Comment 6 Rafael J. Wysocki 2009-06-01 20:14:10 UTC
On Monday 01 June 2009, Martin Knoblauch wrote:
> 
> ----- Original Message ----
> 
> > This message has been generated automatically as a part of a report
> > of regressions introduced between 2.6.28 and 2.6.29.
> > 
> > The following bug entry is on the current list of known regressions
> > introduced between 2.6.28 and 2.6.29.  Please verify if it still should
> > be listed and let me know (either way).
> > 
> > 
> > Bug-Entry    : http://bugzilla.kernel.org/show_bug.cgi?id=13178
> > Subject        : Booting very slow
> > Submitter    : Martin Knoblauch 
> > Date        : 2009-04-24 12:45 (37 days old)
> > References    : http://marc.info/?l=linux-kernel&m=124057716231773&w=4
> 
>  We (HP and myself) are trying to track it down.
Comment 7 Rafael J. Wysocki 2009-06-08 11:11:42 UTC
On Monday 08 June 2009, Martin Knoblauch wrote:
> 
> ----- Original Message ----
> 
> > From: Rafael J. Wysocki <rjw@sisk.pl>
> > To: Linux Kernel Mailing List <linux-kernel@vger.kernel.org>
> > Cc: Kernel Testers List <kernel-testers@vger.kernel.org>; Jesse Barnes
> <jbarnes@virtuousgeek.org>; Martin Knoblauch <spamtrap@knobisoft.de>; Stephen
> Hemminger <shemminger@vyatta.com>
> > Sent: Sunday, June 7, 2009 12:06:22 PM
> > Subject: [Bug #13178] Booting very slow
> > 
> > This message has been generated automatically as a part of a report
> > of regressions introduced between 2.6.28 and 2.6.29.
> > 
> > The following bug entry is on the current list of known regressions
> > introduced between 2.6.28 and 2.6.29.  Please verify if it still should
> > be listed and let me know (either way).
> > 
> > 
> > Bug-Entry    : http://bugzilla.kernel.org/show_bug.cgi?id=13178
> > Subject        : Booting very slow
> > Submitter    : Martin Knoblauch 
> > Date        : 2009-04-24 12:45 (45 days old)
> > References    : http://marc.info/?l=linux-kernel&m=124057716231773&w=4
> 
>  No change since last ping. We ruled out a non-HP NIC in the DL380. HP will
>  try to reproduce in-house.
Comment 8 Martin Knoblauch 2010-01-20 08:54:49 UTC
 Almost forgot about this one, as the hardware in question has been retired by the customer.

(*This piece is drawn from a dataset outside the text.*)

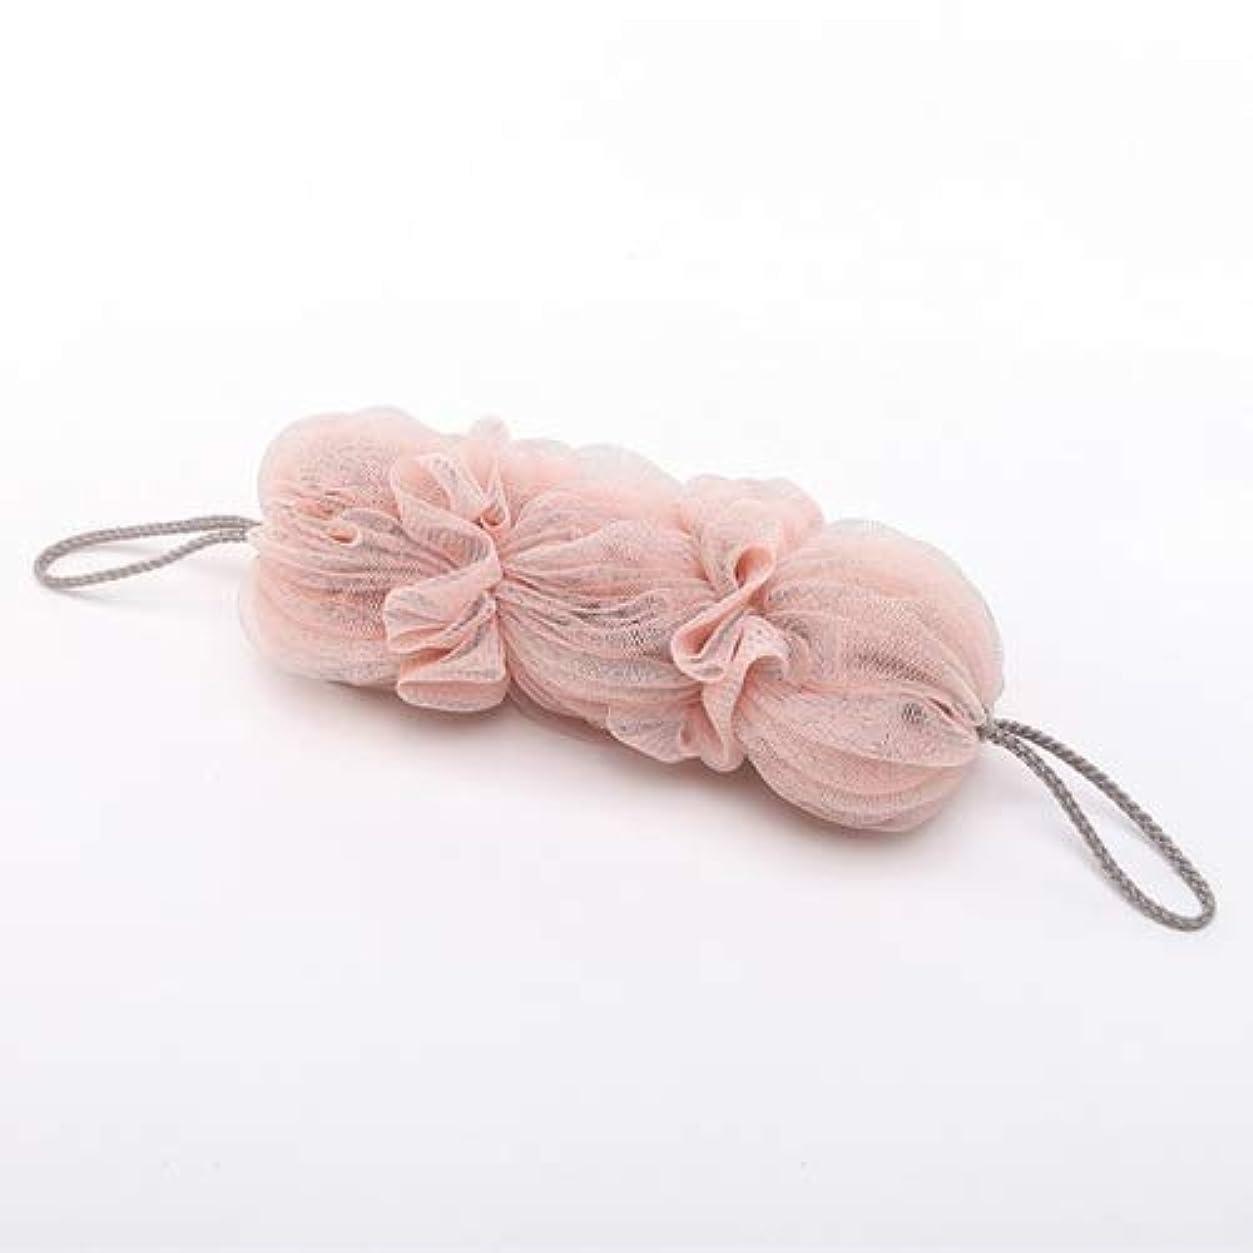 争う葉を拾う服を片付けるバスルーム用品 両面バスボール風呂浴槽バスタオルスクラバーボディ剥離シャワーボール (色 : Light pink)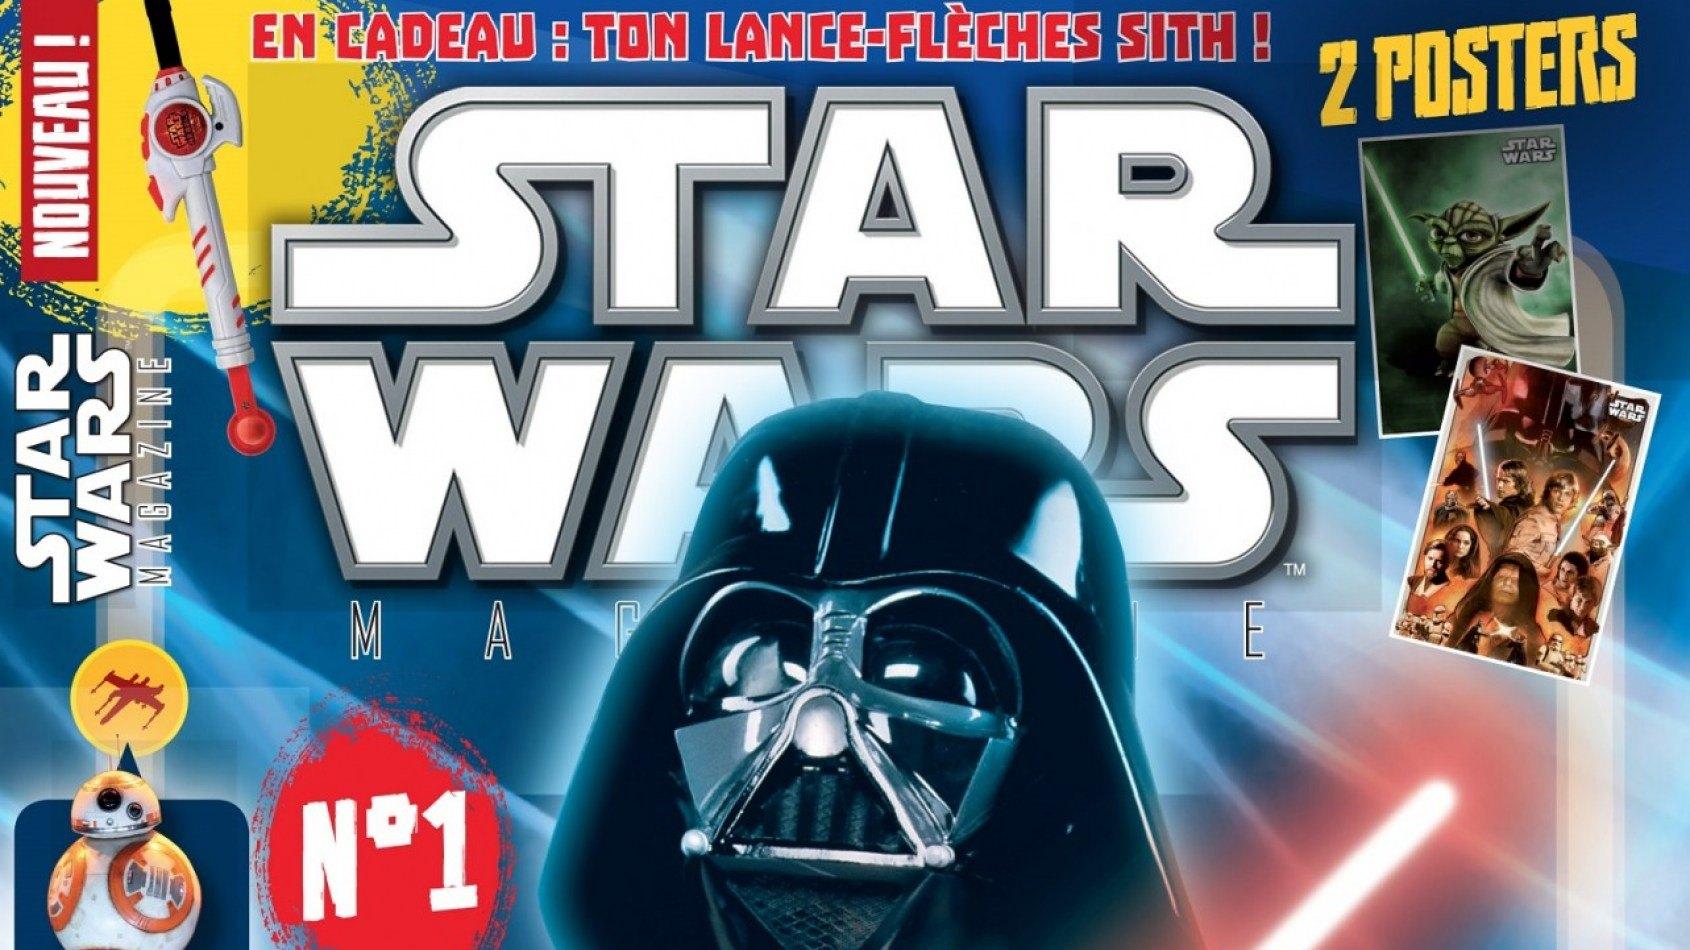 [Panini] Le Star Wars Magazine 1 est sorti

 Investigation by HP back in July/August 2009 showed, that the problem was caused by a VPD read problem on the platform. That in turn prevented the umount of "/sys" from the initrd image, which resulted in the double entry, which broke the hotplug script, which ....

 I will try to find out whether HP ever found a solution.